Unlucky 13 (Women's Murder Club 13)
He squeezed the kid’s neck in the V of his arm, pressing his left hand to his right wrist to double the pressure. The kid passed out a few seconds later, but Brady held on until a couple of minutes passed and the kid stopped twitching.
He could think about this later. But not now. There was no time to do it now.
CHAPTER 93
BRADY DRAGGED BRIAN’S body off to the side of the landing and turned his mind to the Sun Deck layout, where more shit was waiting for him and there was less than a fifty-fifty chance that he’d survive the next ten minutes.
He’d been up to the Sun Deck a couple of times.
Before it had turned into a shooting platform.

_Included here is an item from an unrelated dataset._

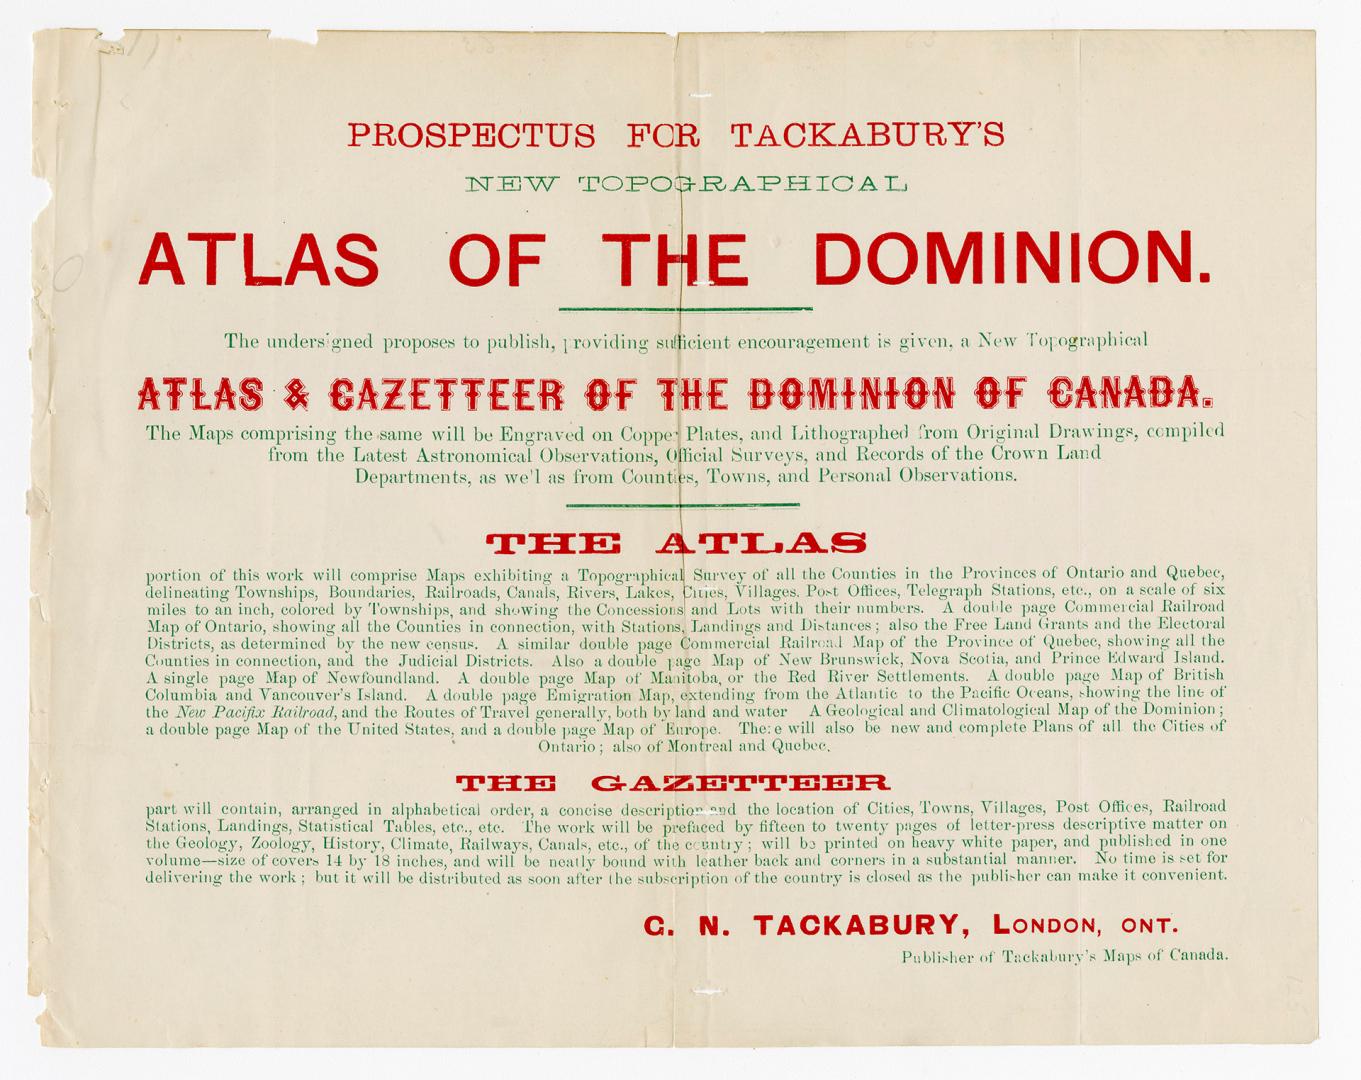 Prospectus for Tackabury's new topographical atlas of the Dominion

There was teakwood decking fore and aft, lined out with lounge chairs. At the middle of the deck was an eight-foot-wide running track, rectangular in shape, a hundred yards long by fifty wide and hollow at the center so that the sun could shine through to the Pool Deck below.
A railing ran around the inside perimeter of the track, making it a perfect catwalk and doubling with a first-class gun rest for sighting the captives directly below. Like prison guards looking down from the walls over inmates in a prison yard.

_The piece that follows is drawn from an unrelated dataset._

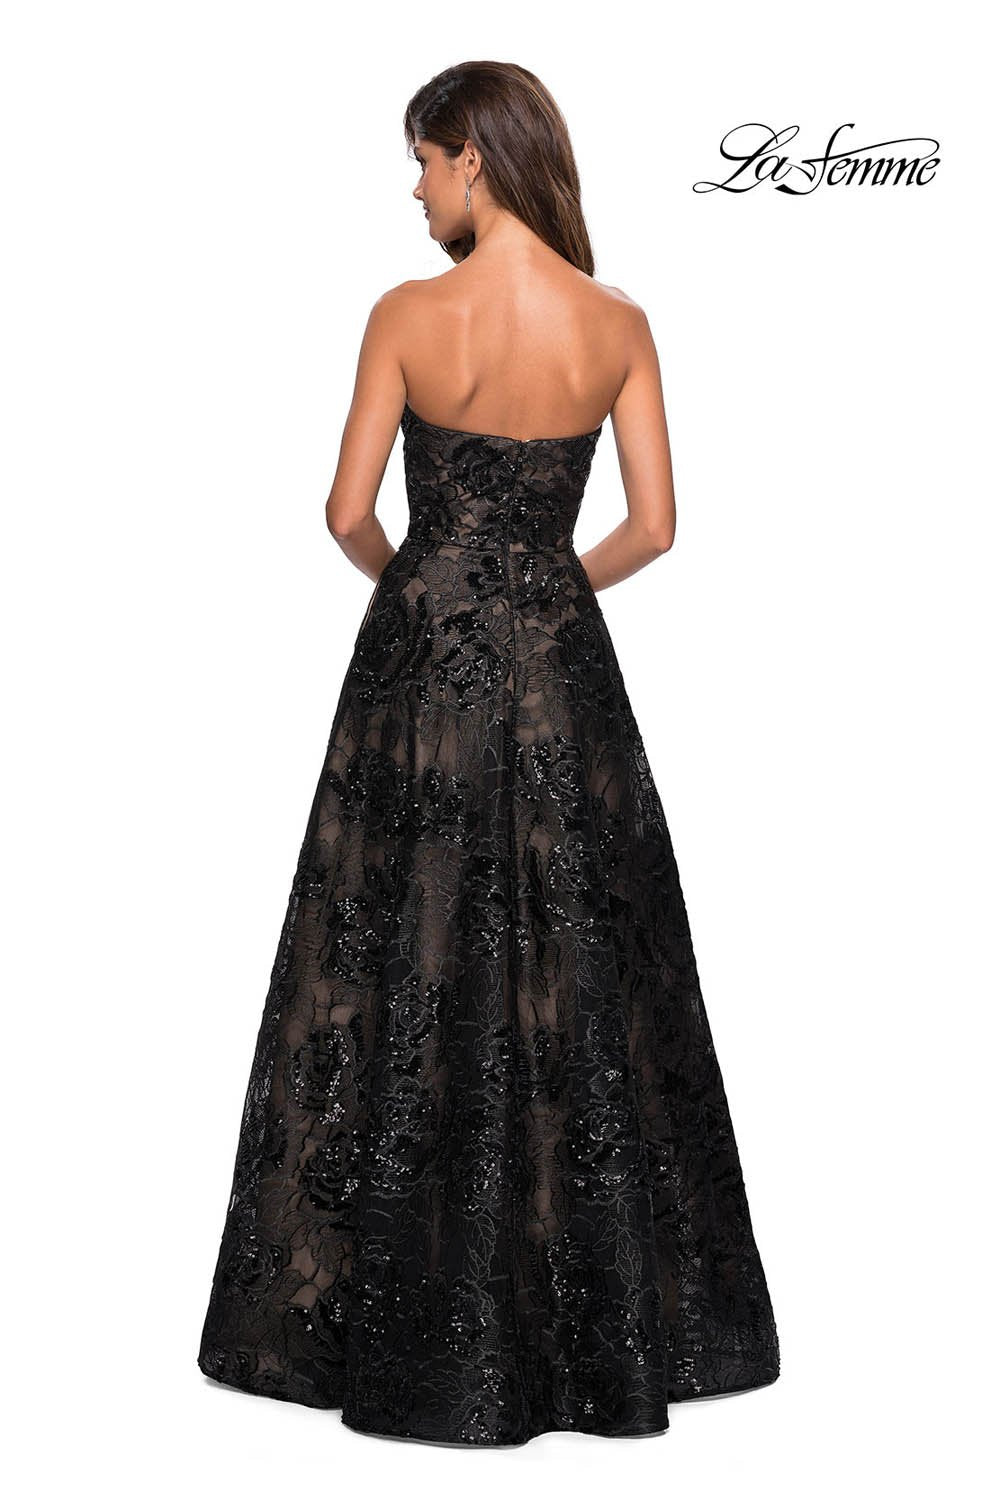 La Femme 27164 dress images in these colors: Black Nude.

And now footsteps clanged against metal as the ship’s officers climbed toward him on the inside stairs. When they reached him, Brady, said, “I’m going out there first. After that, you all know what to do, regardless.”
The captain said, “Good luck to you, Mr. Brady.”
“And to you, sir. Everyone.”
Brady’s assault rifle hung from the strap over his right shoulder, and he had a loaded pistol on his hip. He said a quick prayer and pulled the knitted mask down over his face. Then he turned the wheel that opened the lock and pushed open the door to the Sun Deck. He closed it behind him.
Squinting through the mask, Brady tried to see everything at once.
The rising sun was streaking the horizon with pink bands, backlighting mountains in the distance and glinting on the railings at the bow.
There were three men on the track, two on the far, short side of the rectangle, the third guy standing by himself on a long side, fifty feet away.
Brady called out to that one, “Bro. Got a second?”
Without waiting for an answer, he set out along the composite rubber track toward the guard.
“I hope you brought me the beef taco,” the man said. “I already had the chicken. Beef is better if there’s any left.”
Brady had considered using the knife, but he wasn’t that good or that fast. So he pulled the gun.
“I don’t know anything about the chow,” Brady said.
Continuing to walk toward the guard, he said, “There’s been a slight change in the rotation.”
The man was only a few feet away.
He said, “Don’t tell me I’ve got to go another watch. I’m dead on my feet, already.”
The guard sensed something wrong in Brady’s posture or demeanor, or maybe he was close enough to see the gun.
He backed up, saying, “Let me see your hands, man,” while shouldering his rifle.
Brady aimed, squeezed the trigger, and fired twice, hitting the guard in the throat and chest.
Immediately shouts came from the men on the far side of the track.
Brady dropped his handgun, gripped the automatic rifle, and fired across the open track. The bullets made the gun’s signature pop-br-br-br-br-br report, hitting the gunmen who were running toward him like cartoon commandos in a video game.
The men flailed and then dropped.
Brady heard the tinny voice of a radio in the shirt pocket of the man lying near his feet.